The disciples didn’t invent the mission. They received it. The power for the mission didn’t come from their considerable passion and conviction. It came from a Spirit they had been pursuing in prayer — together, earnestly, with fervent hunger.
The church is never more effective, never more genuinely alive, than when it knows this. And it is never more exhausted, conflicted, and spiritually hollow than when it forgets it.
A Word for the Worn-Out and the Skeptical
If you are a believer reading this and you are running on fumes — doing the work, showing up, trying to hold it together — can I say something gently?
You might be doing prayer rather than being in prayer. You might be working for God rather than with Him. And the fix is not better time management or a more sustainable ministry rhythm, though those things might not hurt. The fix is the thing the disciples were doing before the room shook: returning — again — to earnest and fervent prayer. Not as a technique. Not as a spiritual discipline to check off. As an actual, honest, leaning-in pursuit of the God you love and need, and who loves you far more than you know.

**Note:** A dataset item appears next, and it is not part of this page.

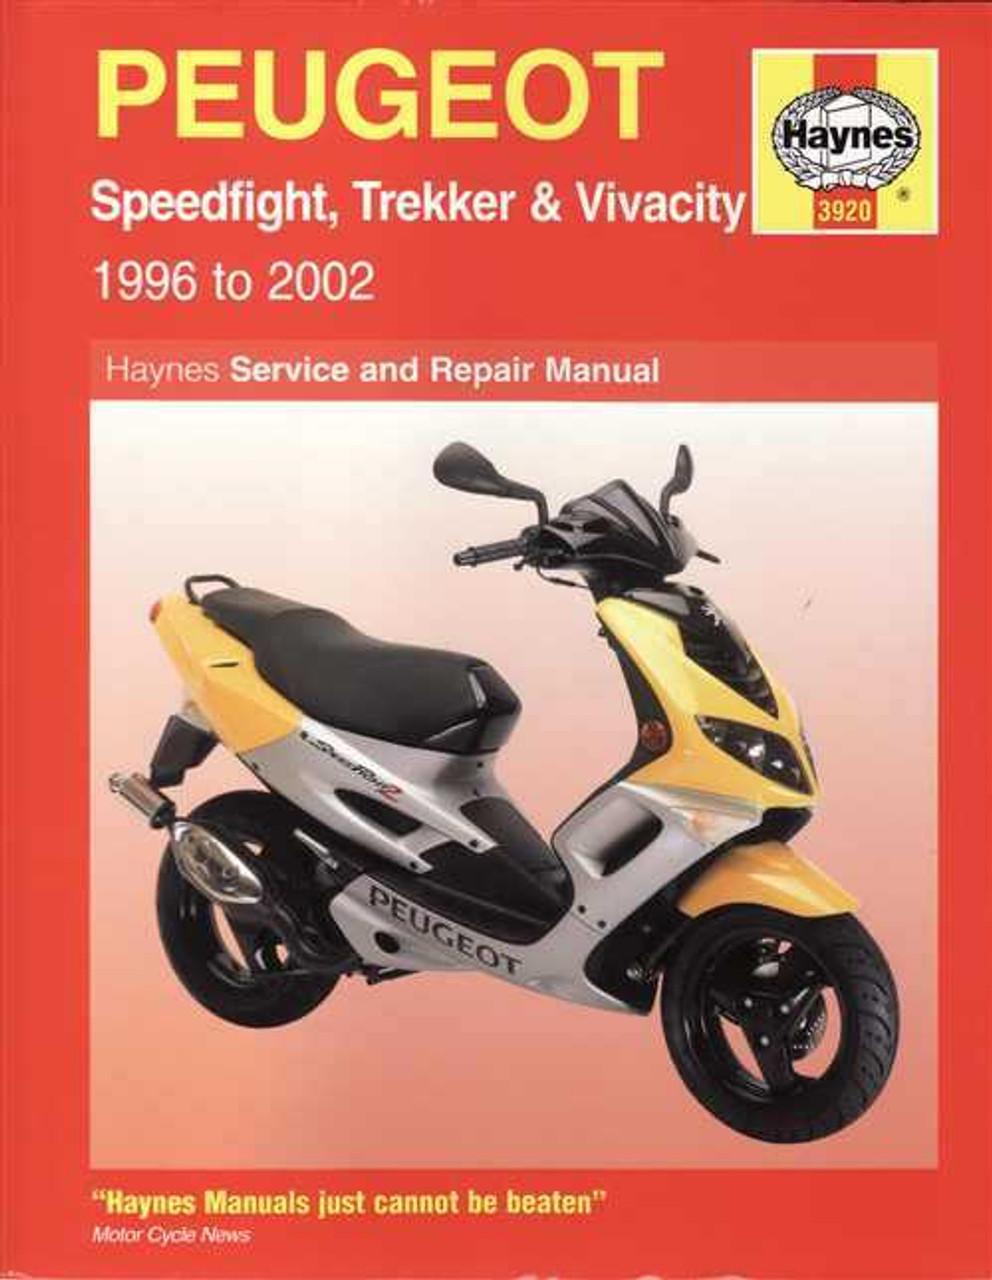 small resolution of peugeot scooters speedfight trekker amp vivacity 1996 2002 workshop manual

He fills the people who come hungry. He meets the people who clear the decks and actually show up.
And if you are a skeptic, or someone who finds all of this Holy Spirit language a bit much — I understand. I really do. The history of “Spirit-talk” includes enough manipulation, excess, and embarrassing spectacle to make thoughtful people deeply wary.
But here is what I’d ask you to sit with: there is something that happens to ordinary people who genuinely, humbly, persistently seek God together. History is full of them. The disciples in Acts 4 were frightened, ordinary, recently-failed people. What happened to them was not the result of charisma or clever strategy. Something came into the room.
I don’t think that something has stopped coming.
Pentecost is not just a historical event. It’s an ongoing invitation.
The question is whether we’ll show up to the kind of prayer where God shakes the room.
Happy Pentecost Sunday. May the Spirit fill you, shake whatever needs shaking, and send you — with great boldness — into the work that was always His.